Data extracts »

=-=-=-=-=

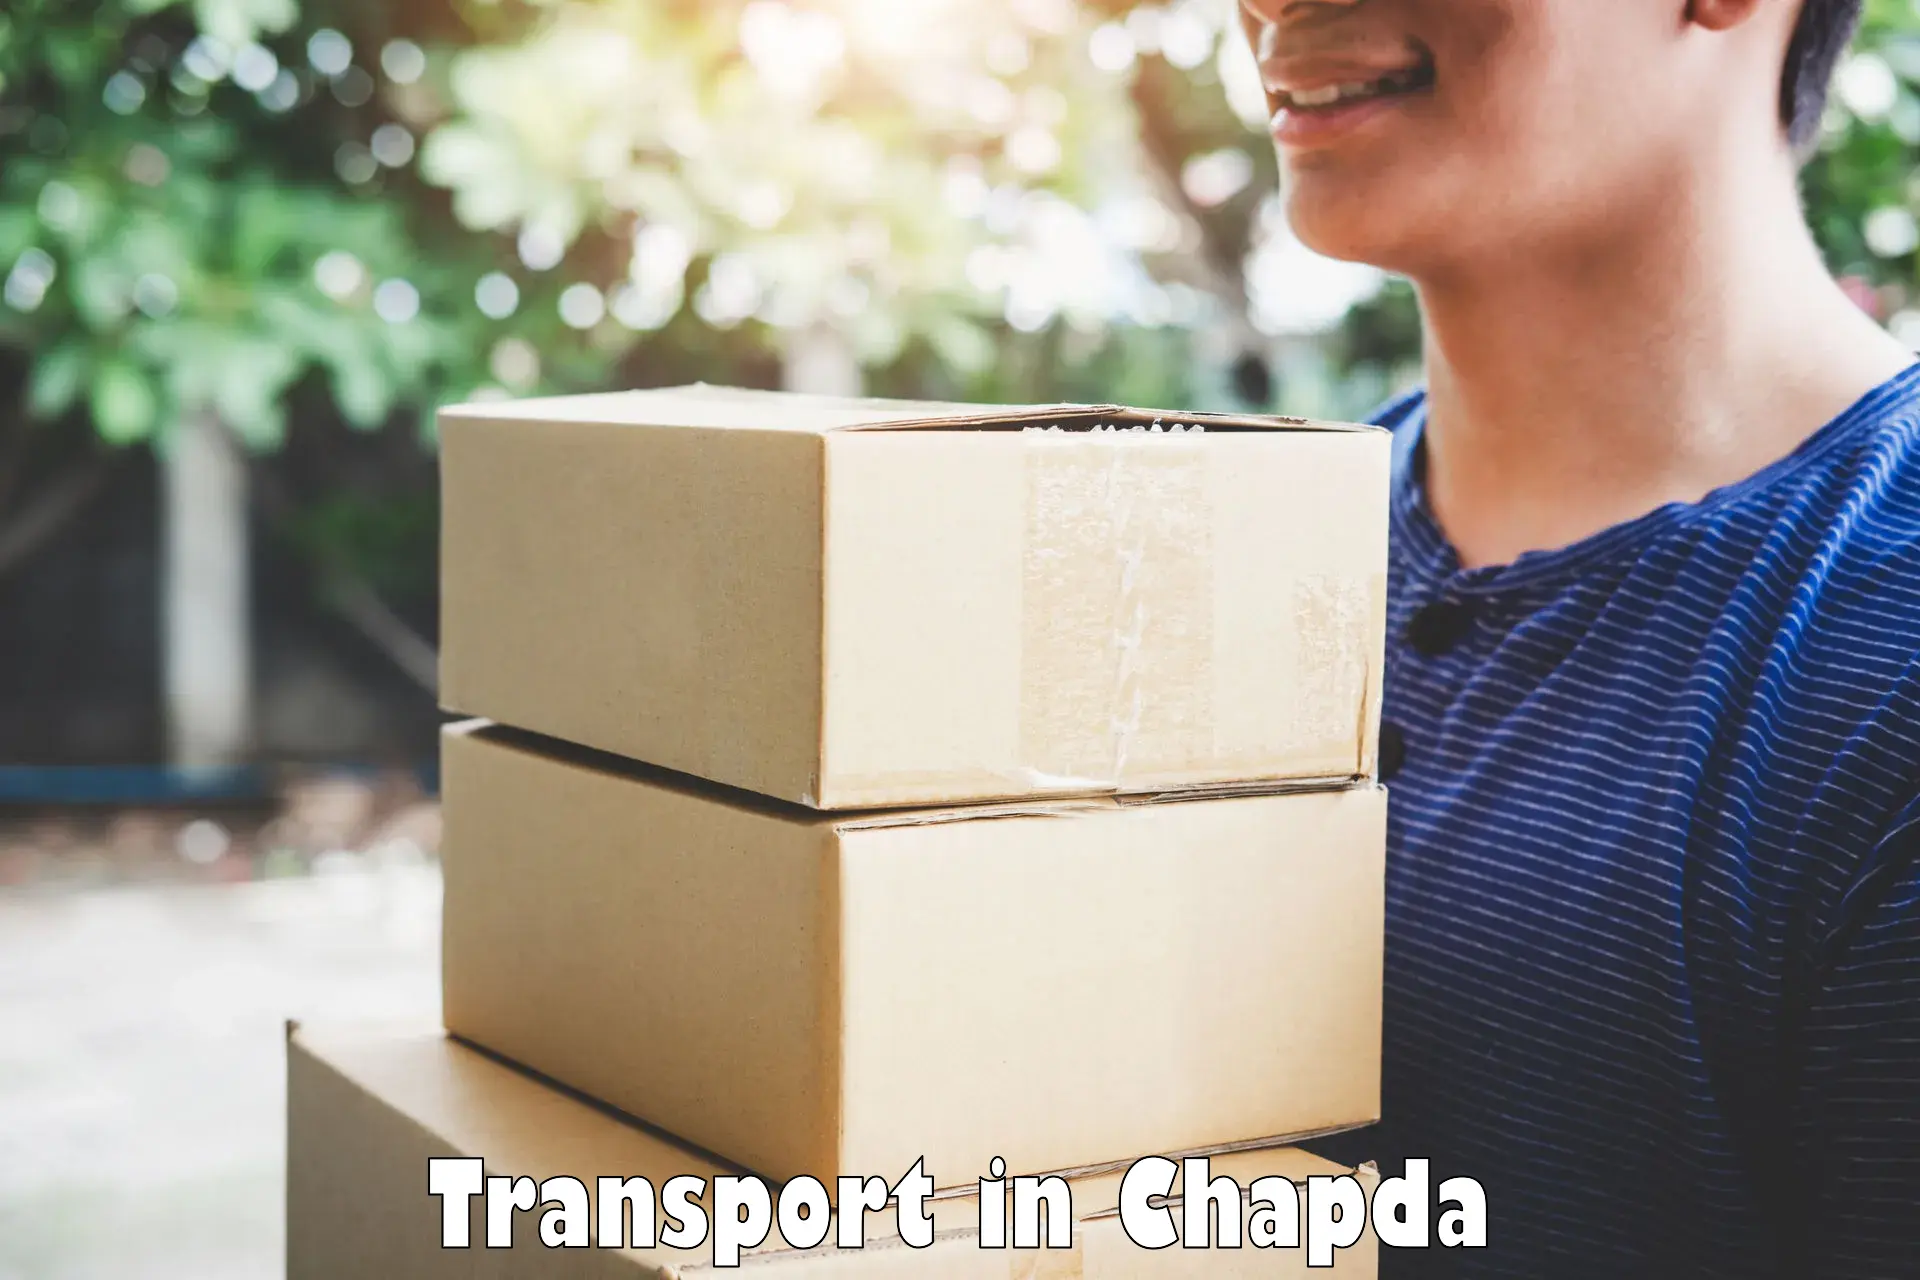 Cargo transportation services in Chapda
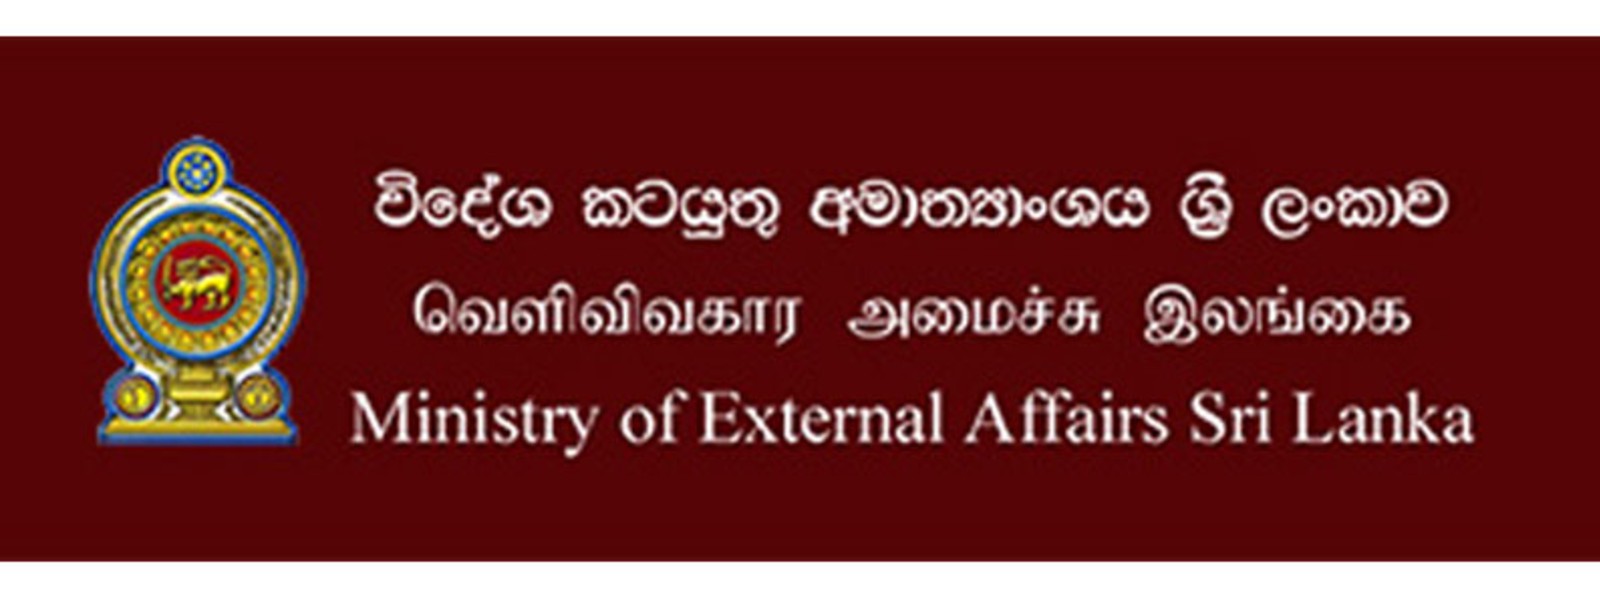 Consular Affairs at Sri Lanka’s MFA to provide services on appointments
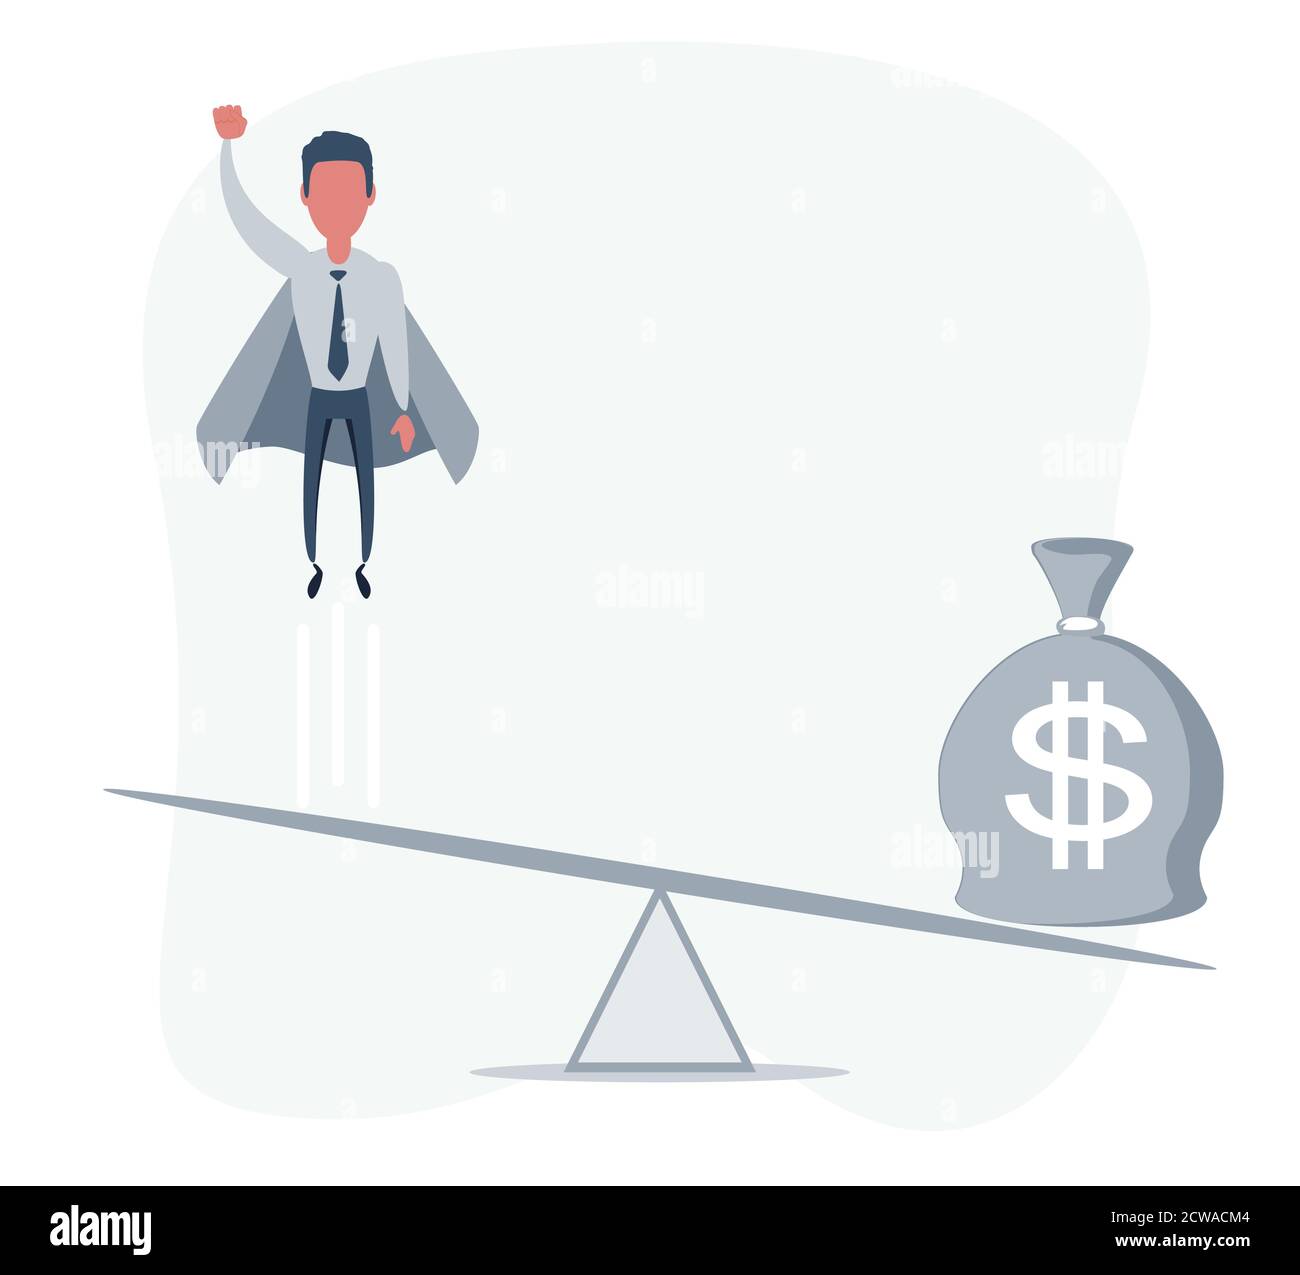 Business startup concept. Illustration with a businessman flying up and a bag full of money. Stock Vector
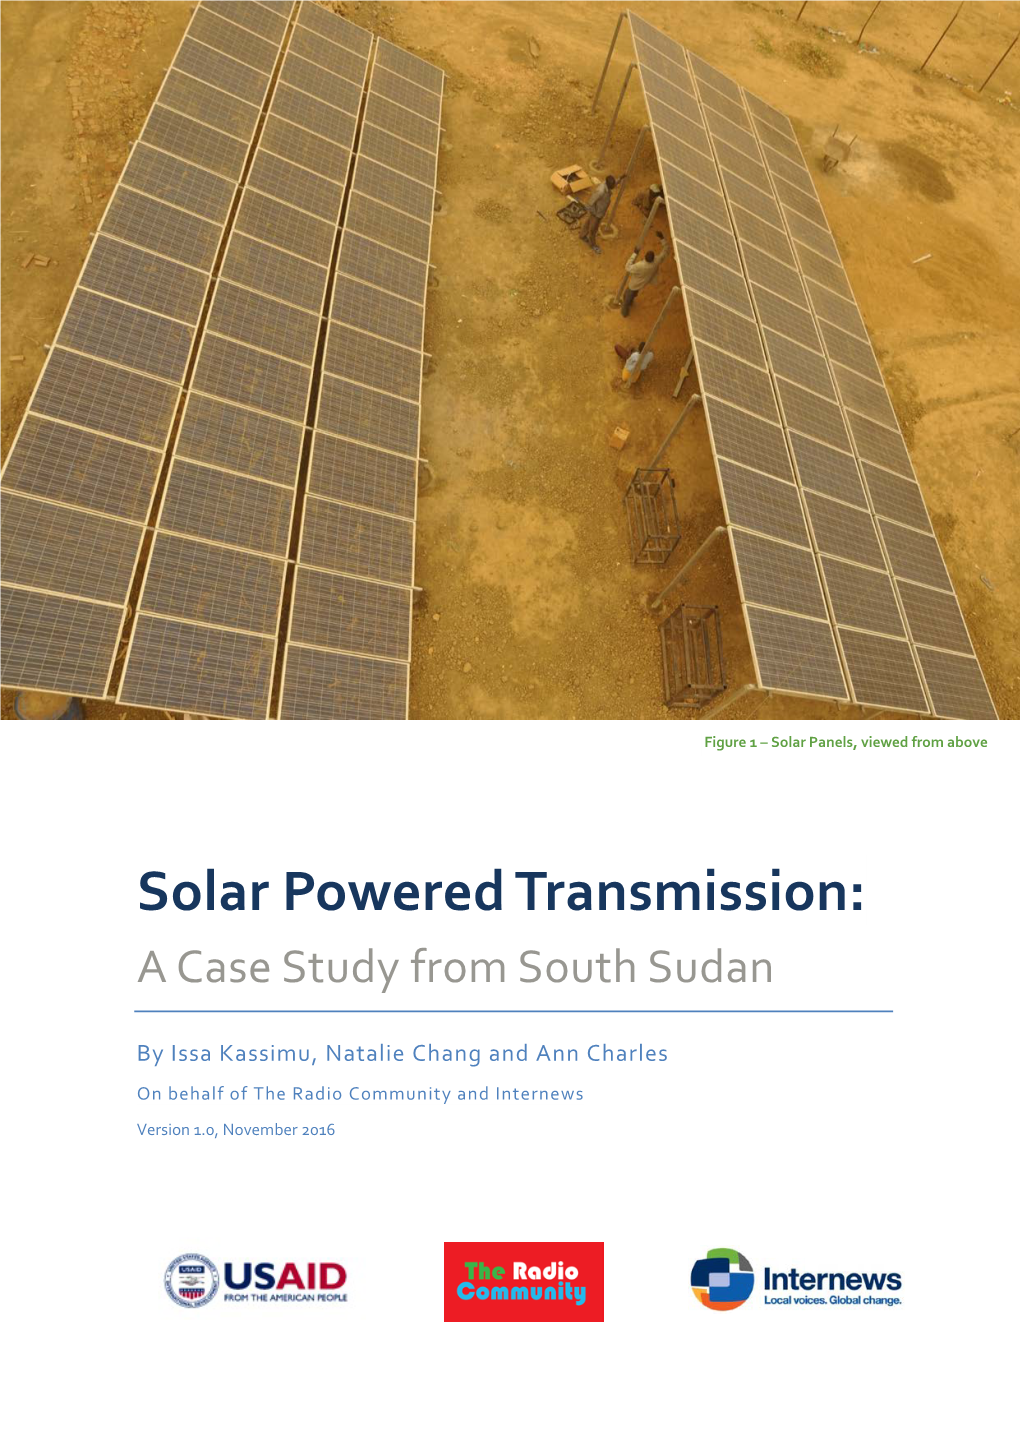 Solar Powered Transmission: a Case Study from South Sudan
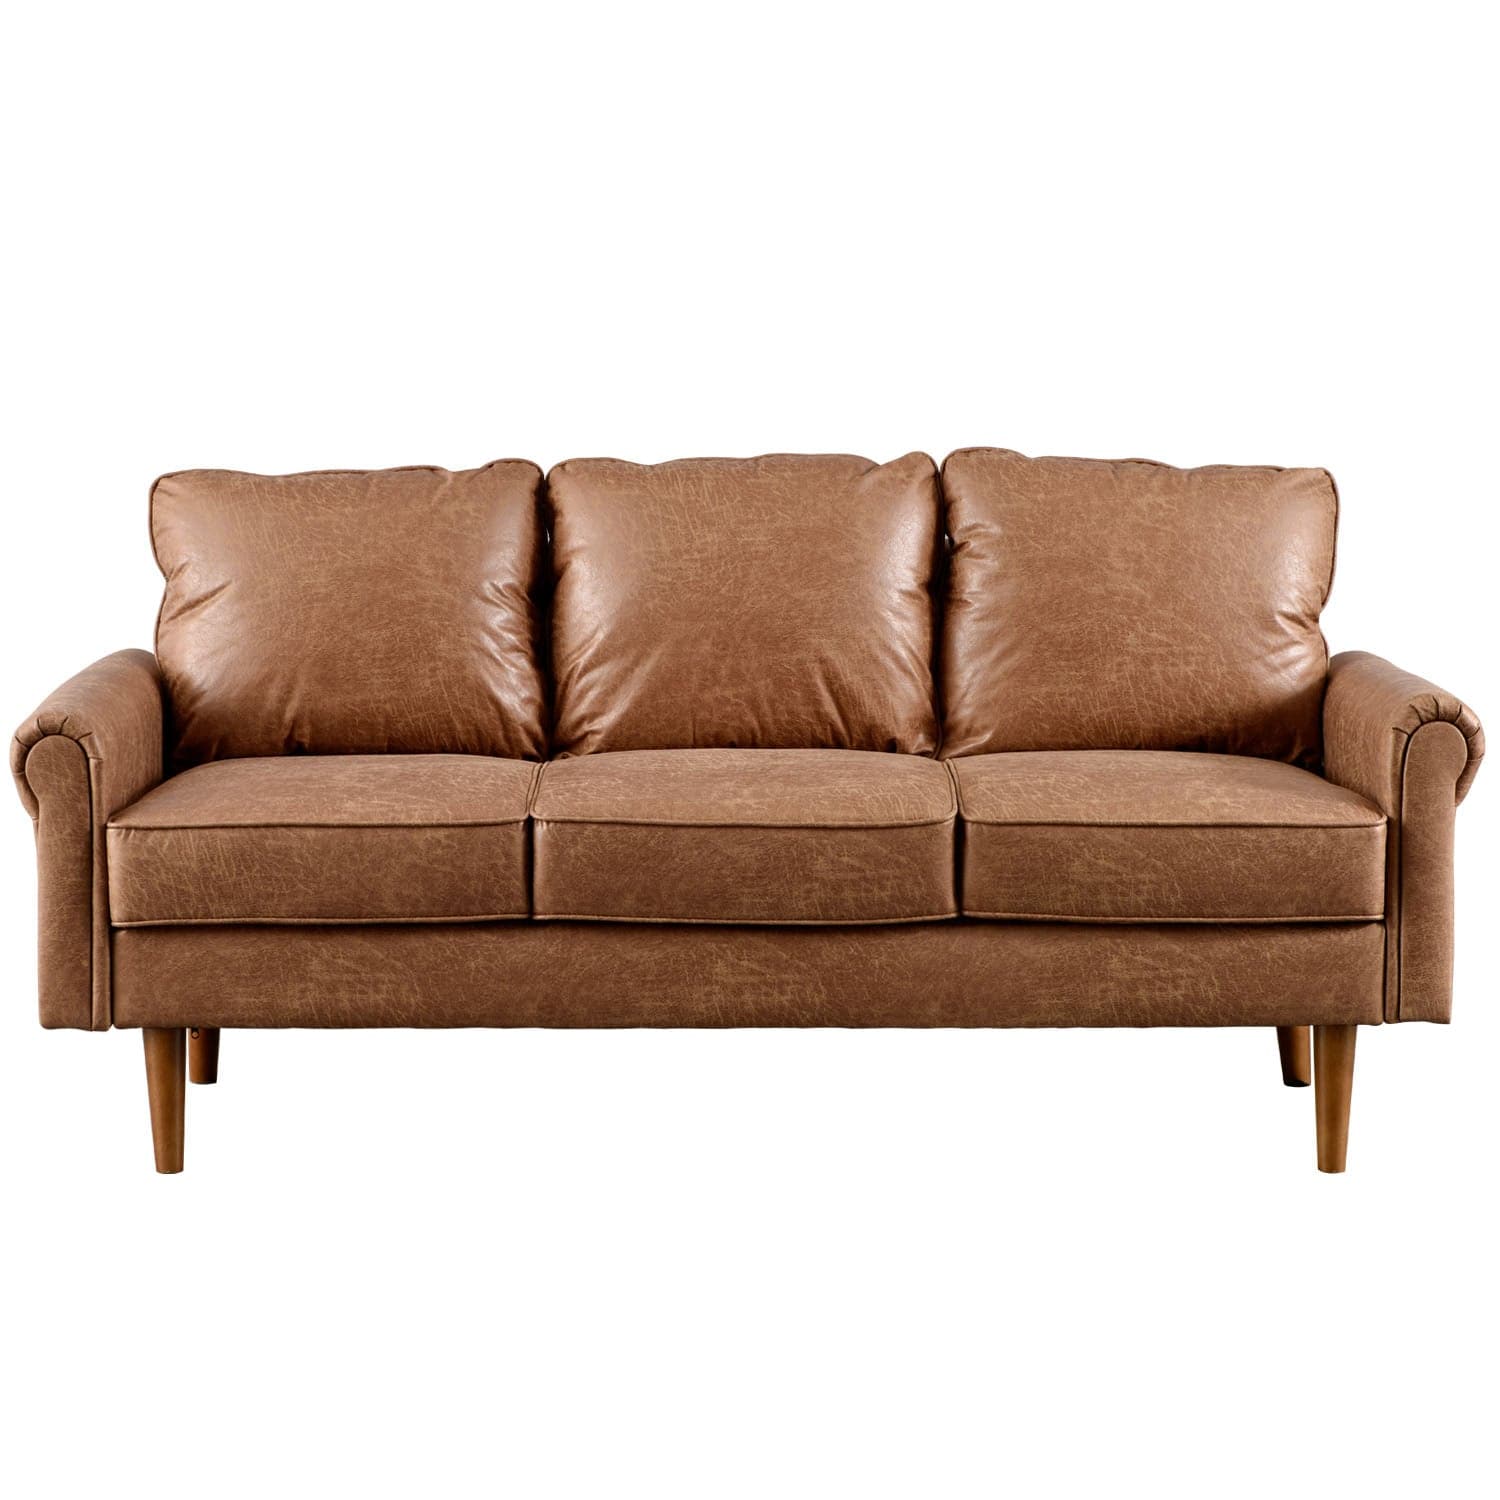 Ovios Living Room 73.6'' Wide Suede or Line Fabric Sofa, 6 Colors

=-=-=-=-=

Action item »
Which lines run from the one containing "Solar Powered Transmission: a" to the end of the entries above? Write them out exactly, leaving out every picture.

Solution for this task »
 Solar Powered Transmission: a Case Study from South Sudan
 Ovios Living Room 73.6'' Wide Suede or Line Fabric Sofa, 6 Colors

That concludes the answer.